Грузинская меньшевичка невинная украдкой подкармливает свое незаконное детище, отпустила на приданое ему миллион рублей денег, 250 винтовок, 5 пулеметов и немного шинелей.

И вот, в последних числах января выступила «третья сила». Полезли зеленые в нейтральную зону. Грузинская меньшевичка стыдливо глазки прячет: «Я ничего не понимаю в этом: я же невинная девушка».

У зеленых 2000 бойцов. Из них вооружено тысяча: 300 — винтовками, 300 — берданами, 400 — охотничьими. Кроме этого — пять пулеметов. Кроме этого… (ах не щекочите, я же — девушка…) грузинский отряд… гм… сочинцев в 70 прекрасно вооруженных бойцов.

Силы белых в Сочинском округе — 52 отдельная бригада в 2500 штыков с восемью орудиями и тридцатью пулеметами. На границе же — лишь три батальона.

Главный штаб назначил выступление на 26 января. Но на беду оказалось непредвиденное ни одним пришедшим с гор крестьянином обстоятельство: представьте себе, в конце января — и глубокий снег в горах, — и решил главный штаб отложить бой еще на два дня, может, снег растает.

И ничего. В Сочи у берега покачивался на волнах пароходик «Осторожный», наводил на белых тоску. Словно гроб без мертвеца. Были на нем 18 офицеров, было много оружия, а теперь пусто: зеленые в Геленджике выгрузили.

Белые солдаты ерзают: терпения нет ждать. Воронович изучает тщательнейшим образом все возможности «за» и «против».

Долго думал Воронович, наконец решился: отдал исторический приказ: «В наступление» — и двинулись отряды… А в задних рядах красного отряда, где Иванков в ермолке ухмыляется, ребята, стервецы, оркестр губной сварганили, нарезывают в такт:

«Мальбрук в поход собрался,
Кругом большая тень»…

А он, величественно заложив руку за борт, стоял и думал…
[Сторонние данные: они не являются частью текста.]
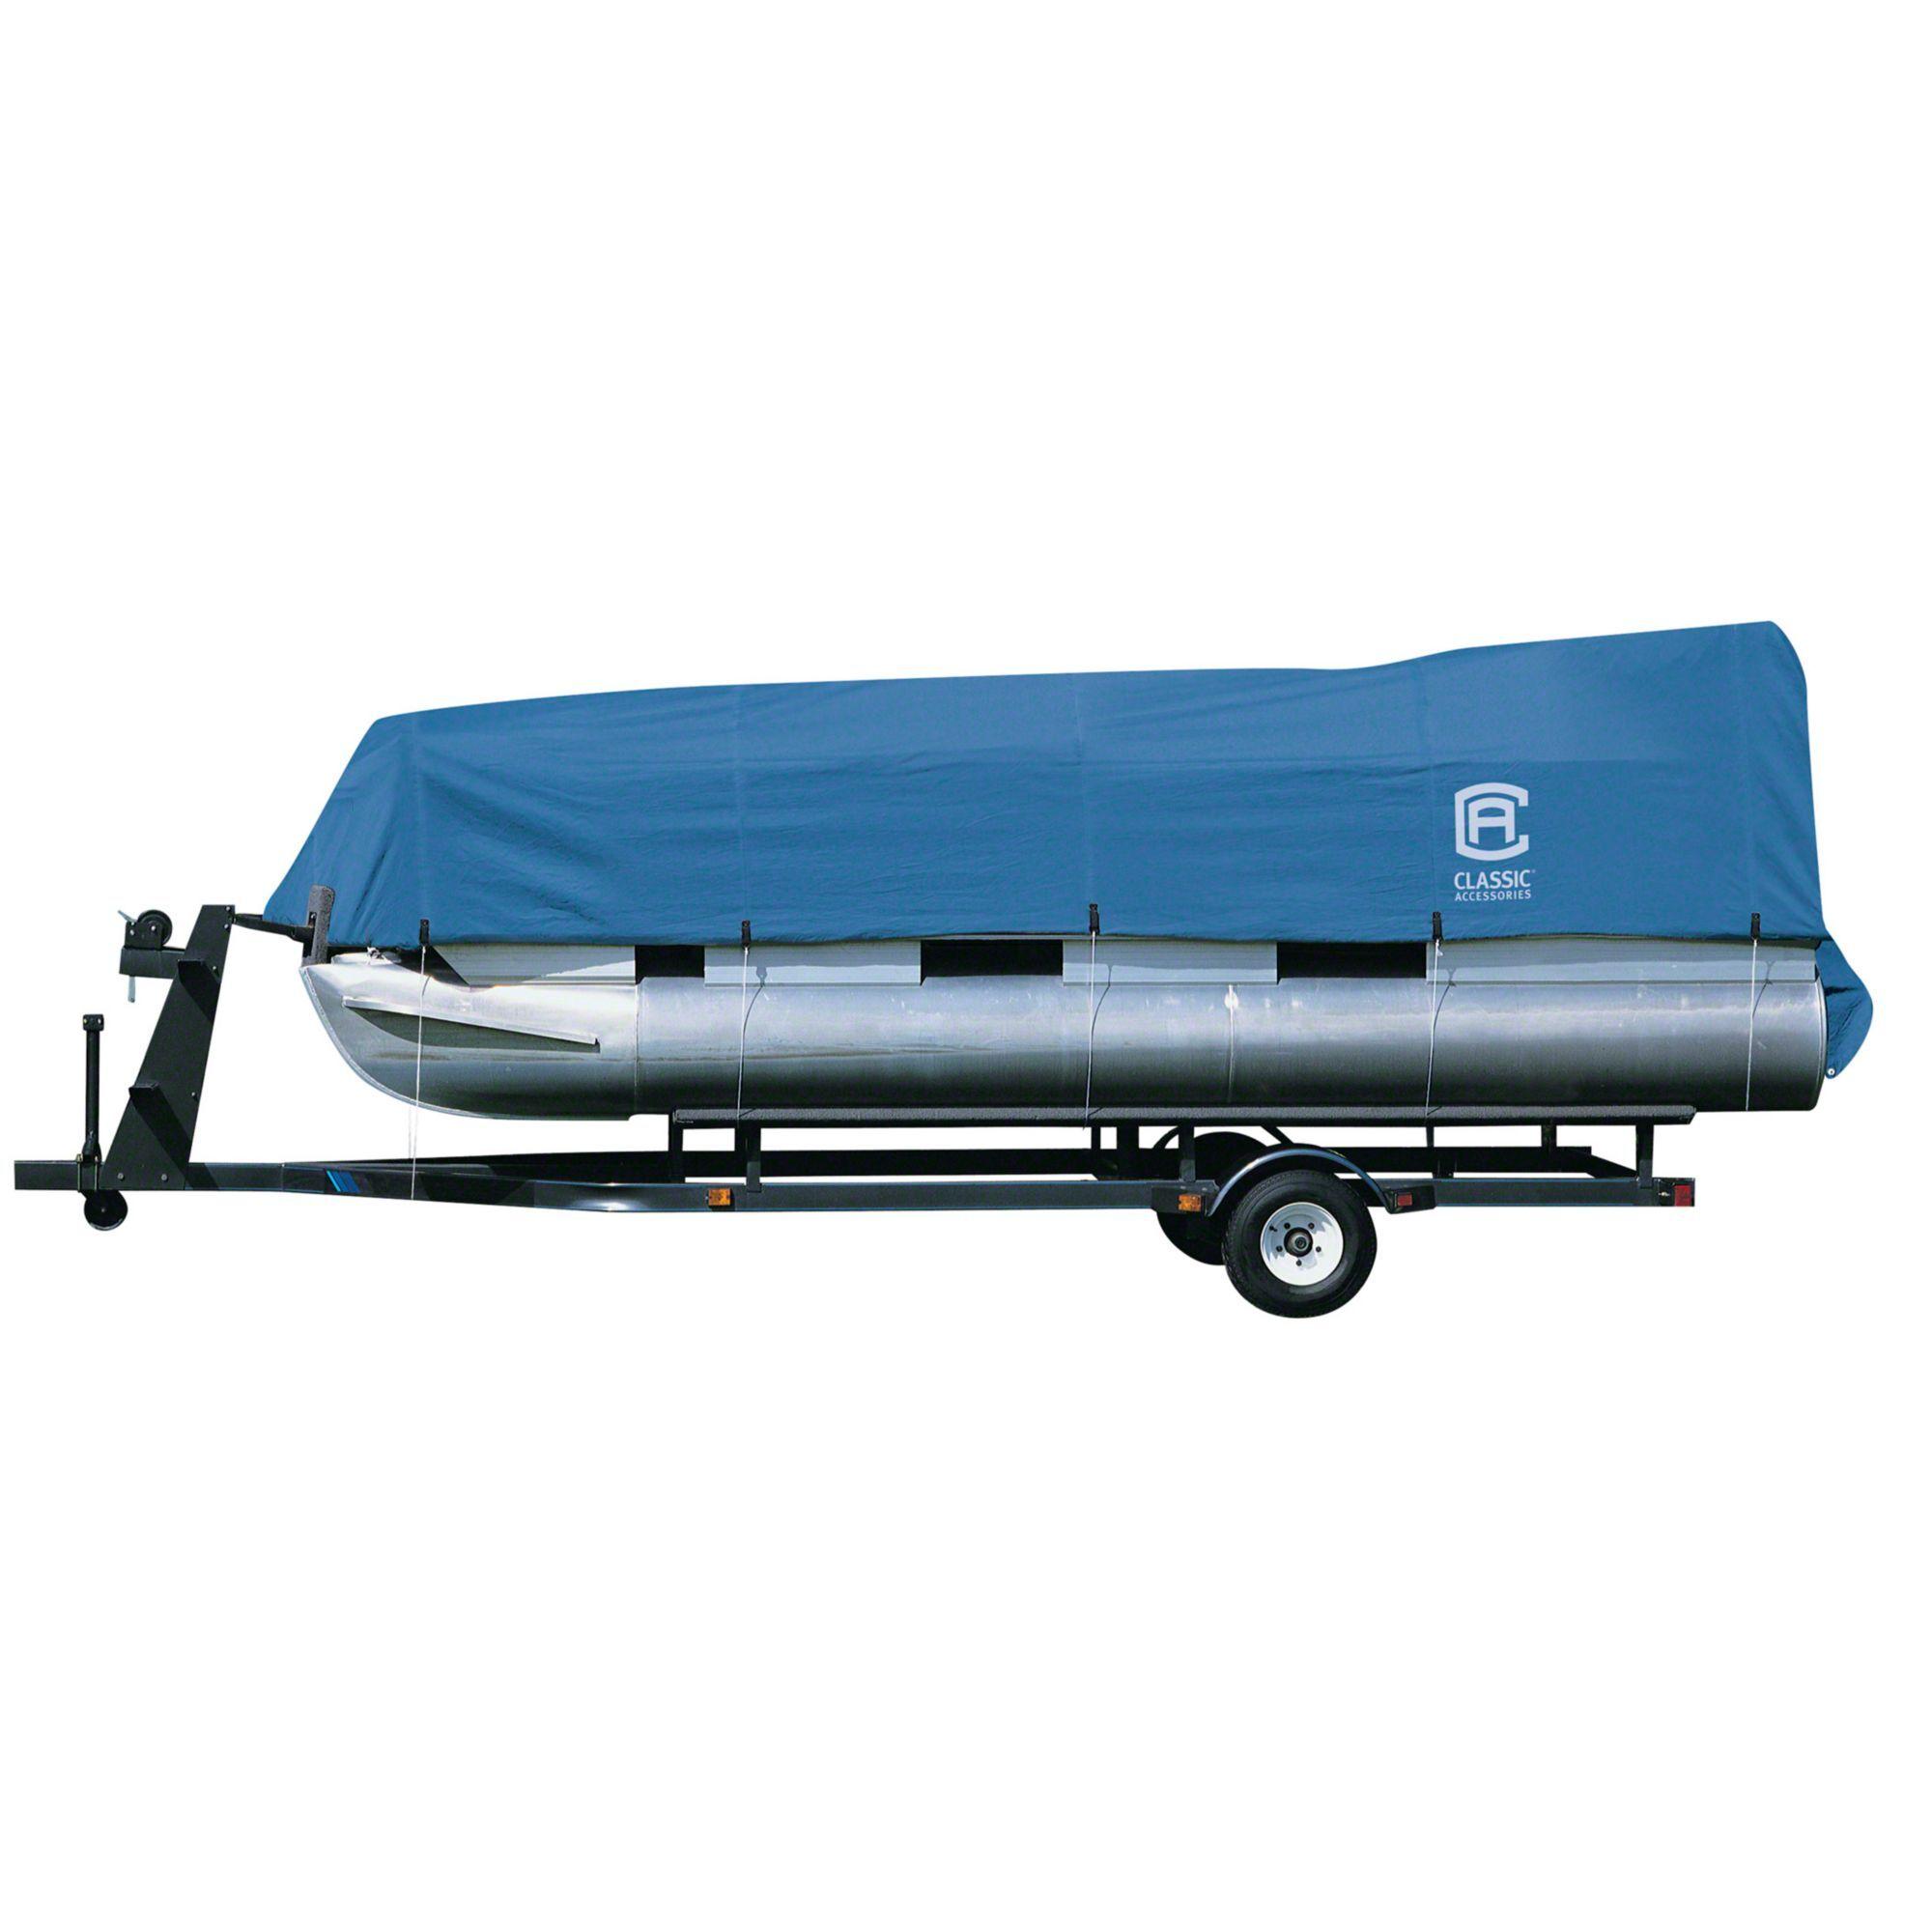 Classic Accessories Stellex Pontoon Boat Cover, Blue

И чорт его понес, то-есть не его понес, а он послал 3 роты в обход за 15 верст на Ермоловку. А горы там еще диче, еще выше, чем в районе Лысых гор; снегу там еще больше. И послал он Лихмана с телефоном, чтобы связь со всеми наступающими частями была, и чтоб через каждые пятнадцать минут донесения летели в его ставку. А Лихман, подлец, взял да заблудился. Воронович с графином воды бегает, вот-вот в обморок упадет. Но еще не падает, потому что боя же еще нет. Послал в Михельрипш конного — и он, и он не возвращается, где-то в сугроб провалился — да это же невозможно! А тут стрельба кое-где редкая: пук-пук, пах-пах… И пал поверженный Воронович «в растрепанных чувствах»… И вылили ему на голову графин воды, чтоб успокоился.

А в Михельрипше и в самом деле беда случилась. Были там, видно, и преданные Деникину, а может, в попыхах не поняли в чем дело — начали стрелять, одного убили, трех ранили. Ну, зачем эти жертвы? Ведь если бы эти белые знали, что в их тылу Молдовский мост займут шесть рот с пятью пулеметами во главе с Кощенко, да они бы сами преподнесли зеленым винтовки: «Сделайте милость, возьмите, не томите».

И Кощенко пошел не берегом в зарослях, не между гор, а через самый, что называется пуп, через непролазную, заваленную снегом гору Дзыхру! Прошел-таки: крестьяне у него опытные лазать по горам. И занял в тылу белых мост, а под мостом — речка «Бешеная», по-горски — Мзымта; не рискнет броситься через нее самый остервенелый офицер.

А тут батальоны белых растерялись, мечутся, не знают кому сдать оружие, а Воронович в лихорадке трясется: против него части тоже выступили. Крестьян набрело, вроде как бы, за оружием, а Воронович восторгается: «Какие расчудесные, исходят огнем, в бой рвутся!» Кабы он знал, что в Мягкой щели целая ярмарка собиралась, тоже будто за оружием, а оказалось… Получили оружие… «Больше ничего нема? Подбарахлить поблизости не предвидится? Чтоб без риску… Нет? Ну, прощевайте».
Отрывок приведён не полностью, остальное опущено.